We cannot make it rain and the outlook for substantial moisture is bleak. We pray daily but can only wait and do a little dance.

In an effort to make a bad situation a little more enjoyable, I thought I would point out the perks of a drought. This list isn’t intended to make a laughing matter of a very dire and serious situation but instead help us look at the glass as half full – even though our ponds are completely empty!

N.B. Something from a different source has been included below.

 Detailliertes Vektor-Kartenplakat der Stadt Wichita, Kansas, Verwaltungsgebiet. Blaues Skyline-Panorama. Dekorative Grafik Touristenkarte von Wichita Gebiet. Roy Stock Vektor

The “Bright Side” of A Drought

(1) Our social/athletic and church events aren’t rained out

(2) I don’t have to worry about slopping through the mud on my morning runs

(3) The weeds don’t grow quite as fast

(4) We don’t have to watch the weather each day – we know we’ve got another week of hot, dry days ahead

(5) Our lawn mowing bill is substantially cheaper because the grass simply doesn’t grow

(6) I can wash my car without fear of it raining the next day

(7) We’re saving money by staying home this summer. Farmers vacation when it rains. No rain = no vacation.

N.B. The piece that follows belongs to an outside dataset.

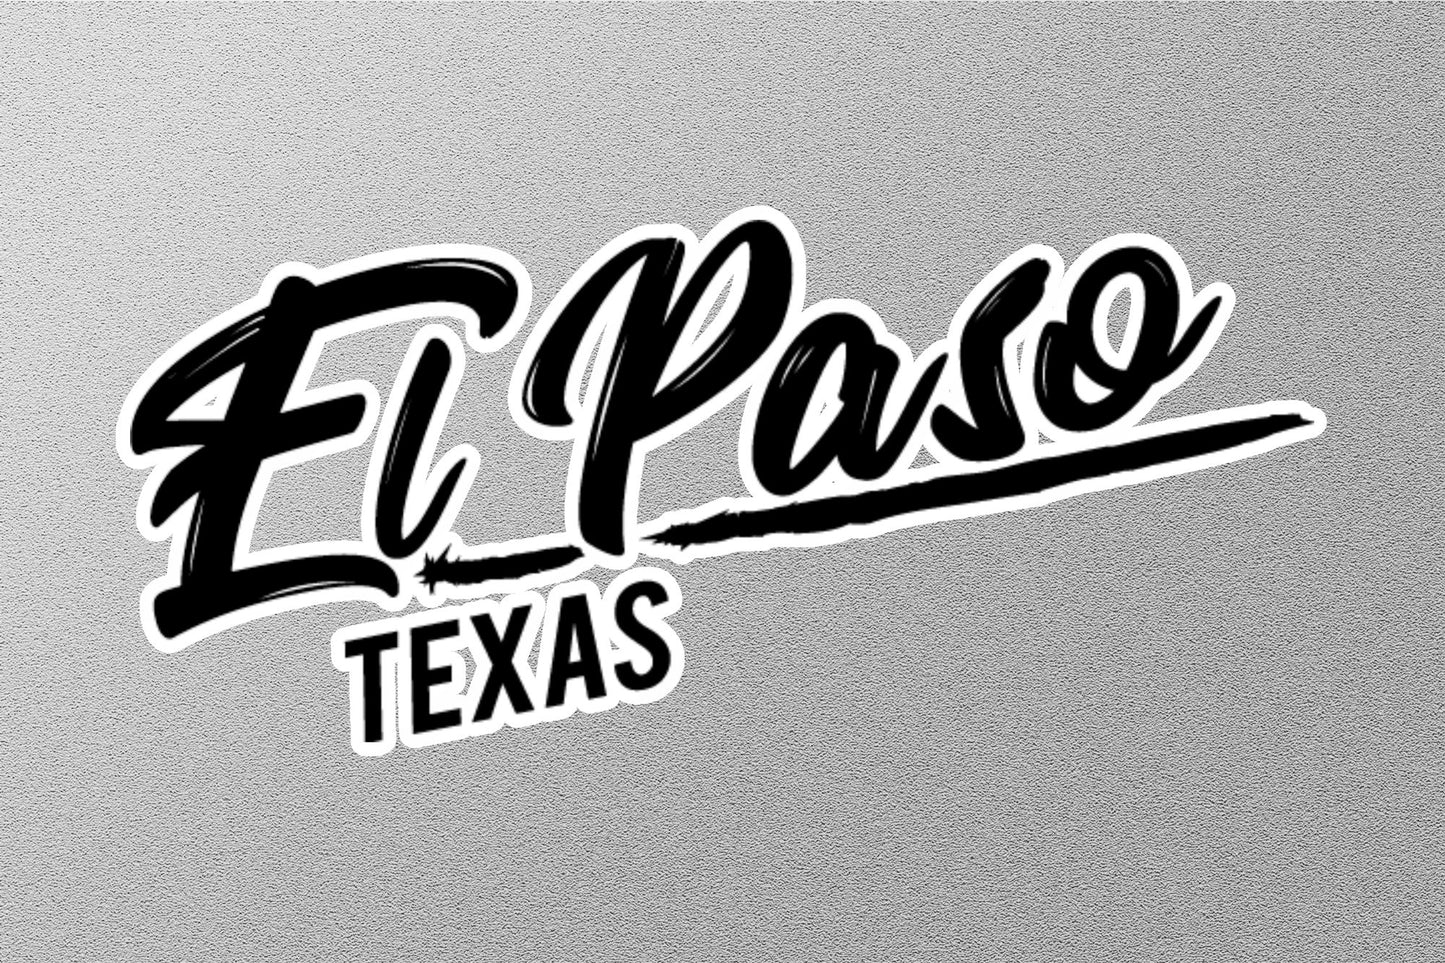 El Paso Texas Sticker

(8) We don’t have to fear mudslides – not that we ever had before –but at least it’s one natural disaster we can cross of our list

(9) The need for water prompted a much-needed change to our state’s water usage laws

(10) Agriculture is making headlines. We, as farmers, never like to make the nightly news with bad news but the media’s coverage of the drought has helped to illustrate the importance of a safe and affordable domestic food supply. The stories and photos have also shown just how turbulent and unpredictable the agriculture industry can be and why risk reduction tools such as crop insurance as so vital to keeping America’s families farming another day.

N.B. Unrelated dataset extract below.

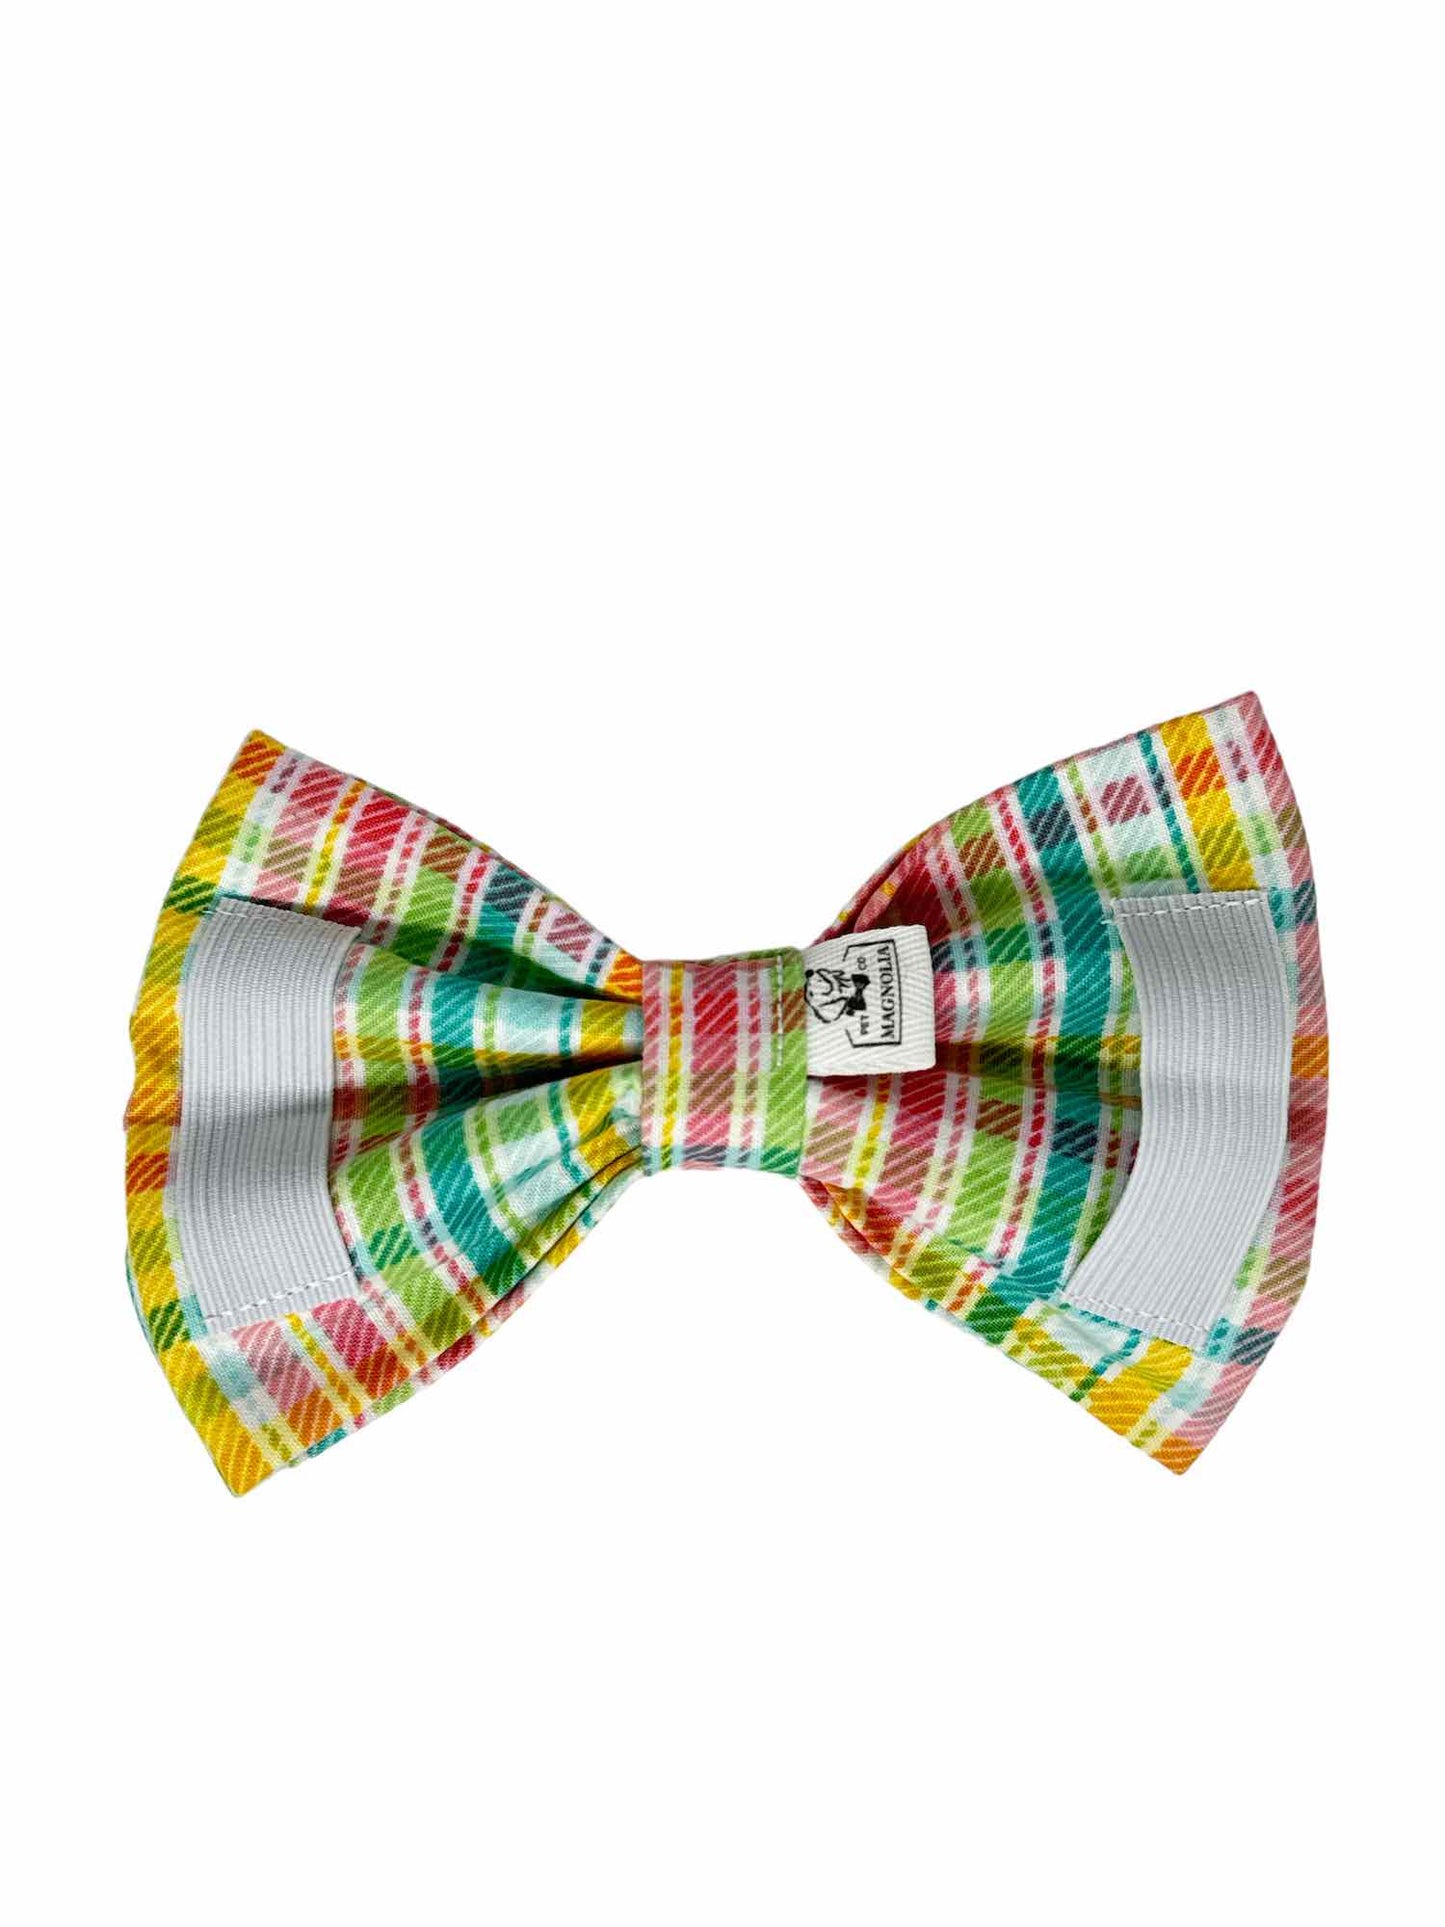 Springtime Bonnet Parade Bow Tie

2 thoughts on “A Glass-Half-Full Look At The Drought

  1. Well done. The most difficult thing to comprehend for those non-farming people is that you are dealing with animals and they need feed and water not just today and tomorrow but next week, month and year as well. feed not grown this season will impact on profitability next season.
    check out http://www.targetfocus.co.nz. I am a agri-coach and have years of experience in remedial cases helping farmers through droughts and wet cold winters.
    Good luck
    Ian

  2. Very true on all of those!! My tan has suffered though from not spending 5+ hours a week on the mower! 🙂 However, my chiropractor bill isn’t nearly has high this year. Seems when I’m on the mower a lot my neck gets all out of whack. Found your blog through Janet’s A Farm Wife’s Life.